Mar Chiquita (in Spanish literally "Little Sea") or Mar de Ansenuza is an endorheic salt lake located in the northeast of the province of Córdoba, in central Argentina. The northeast corner of the lake also extends into southeastern Santiago del Estero Province. It is the largest of the naturally occurring saline lakes in Argentina. The lake is located in parts of five departments in the two provinces.

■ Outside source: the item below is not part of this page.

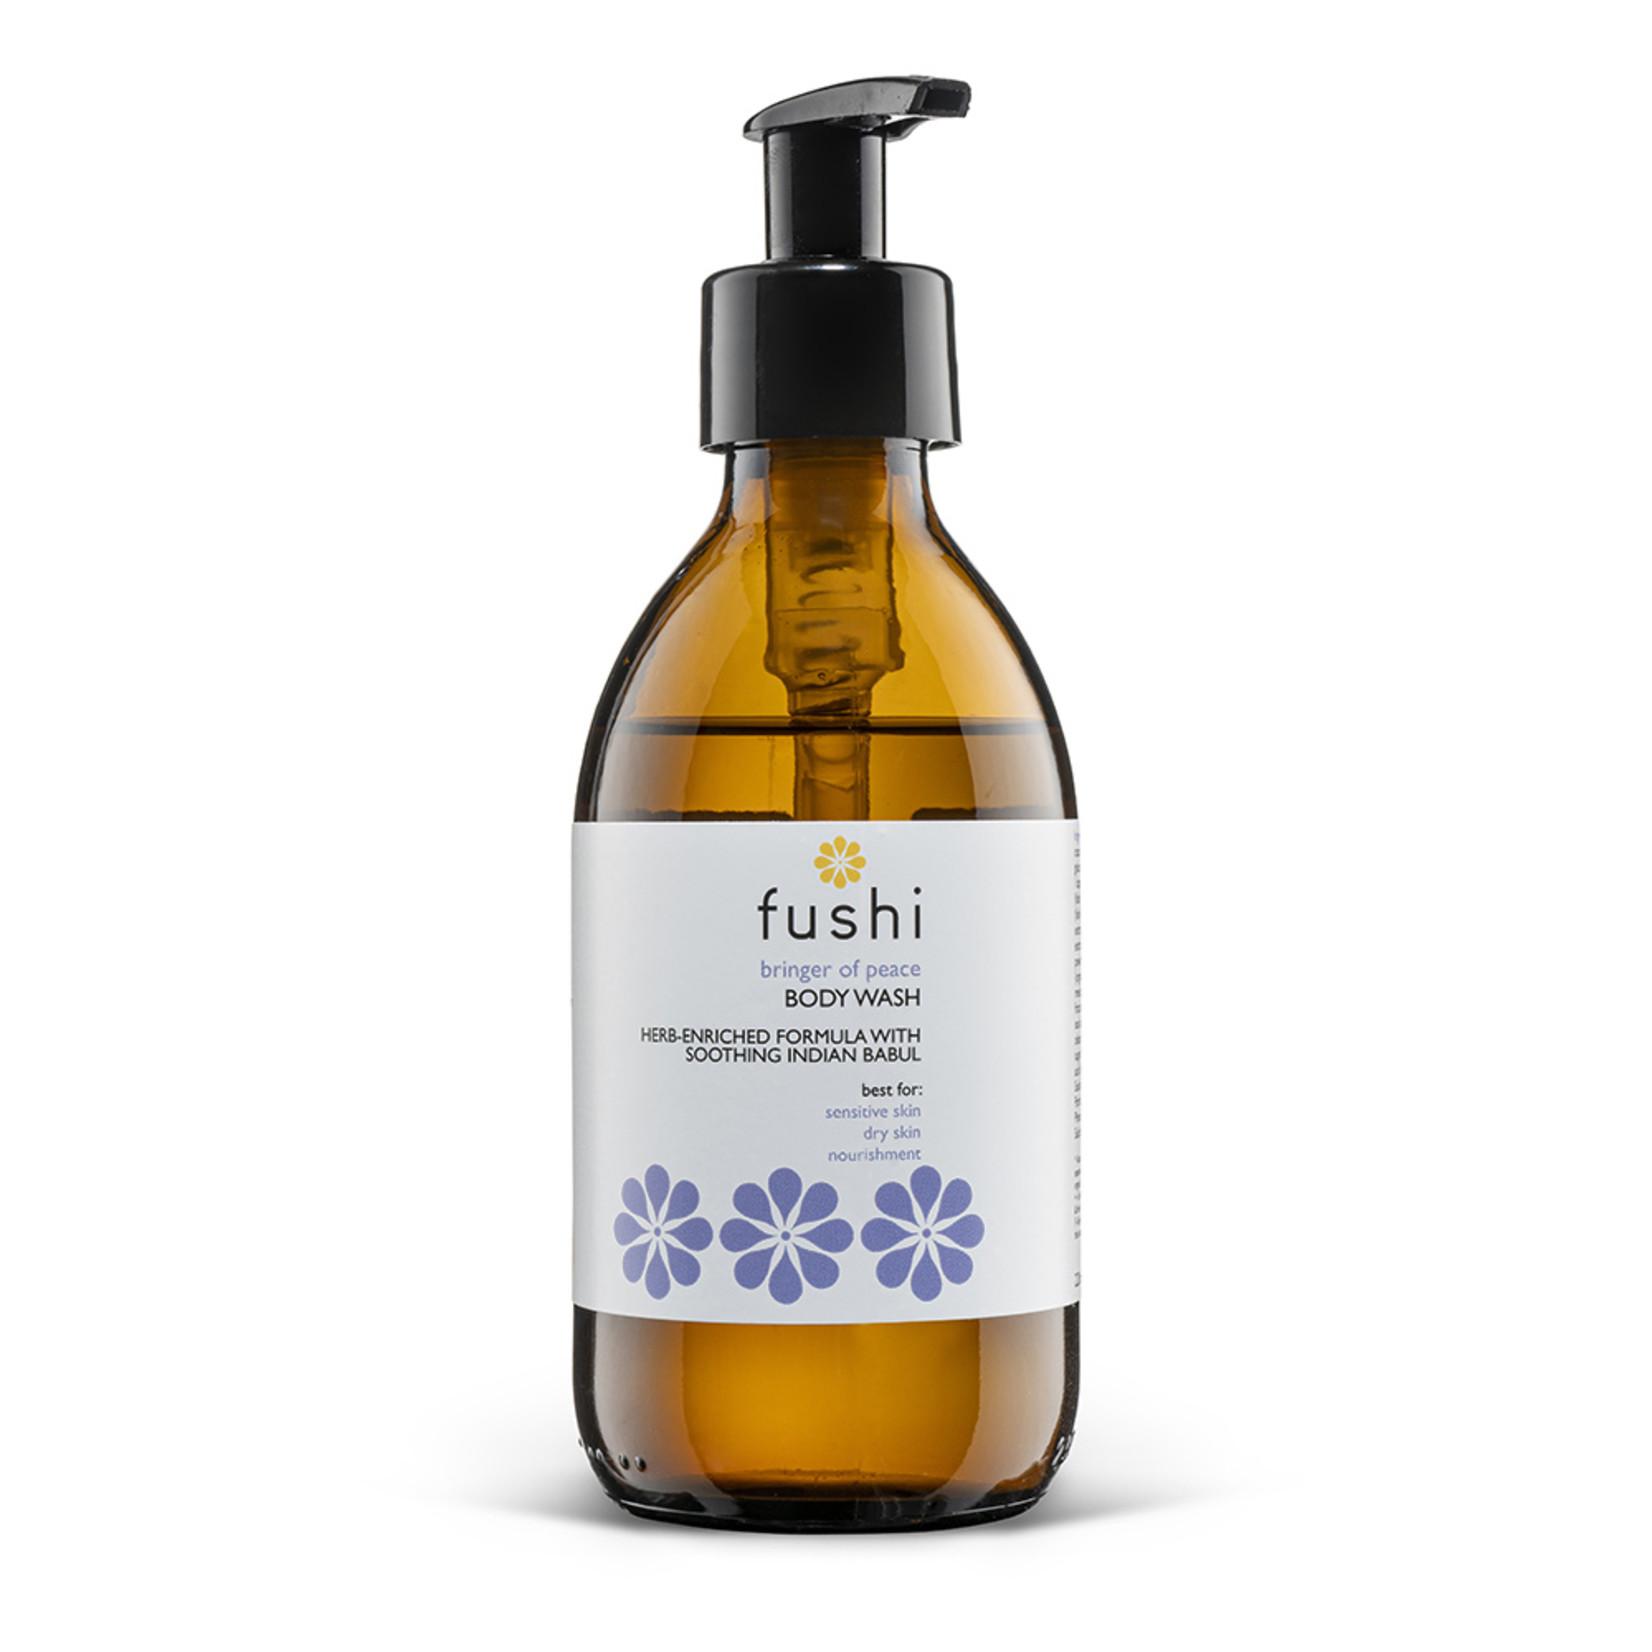 Fushi FUSHI - Bringer of Peace Body Wash - Douche- & Badgel - 230ml

The lake is in the Argentine Espinal ecoregion.
It occupies the southern part of a depression that measures about 50 miles/80 km (north-south) by 28 miles/45 km (east-west). Its surface area varies considerably, given its shallow depth (about 10 m), and ranges between 2000 and 6000 km2.

==Hydrology==
Mar Chiquita is fed primarily by the saline waters of the Dulce River, coming from Santiago del Estero in the north after being joined by the Saladillo River. The lands around the lower course of the Dulce and Mar Chiquita are wetlands, populated by a large biodiversity (especially aquatic birds). From the southwest the lake receives the flow of the Primero/Suquía and the Segundo/Xanaes rivers, as well as several streams; these inflows vary greatly from dry to rainy seasons. The salinity of Mar Chiquita is quite variable, with measured extremes ranging from 250 g/L in times of low water levels to around 40 g/L in very humid years, such as in the decade following 1977, when record rainfall flooded much of Miramar, Córdoba.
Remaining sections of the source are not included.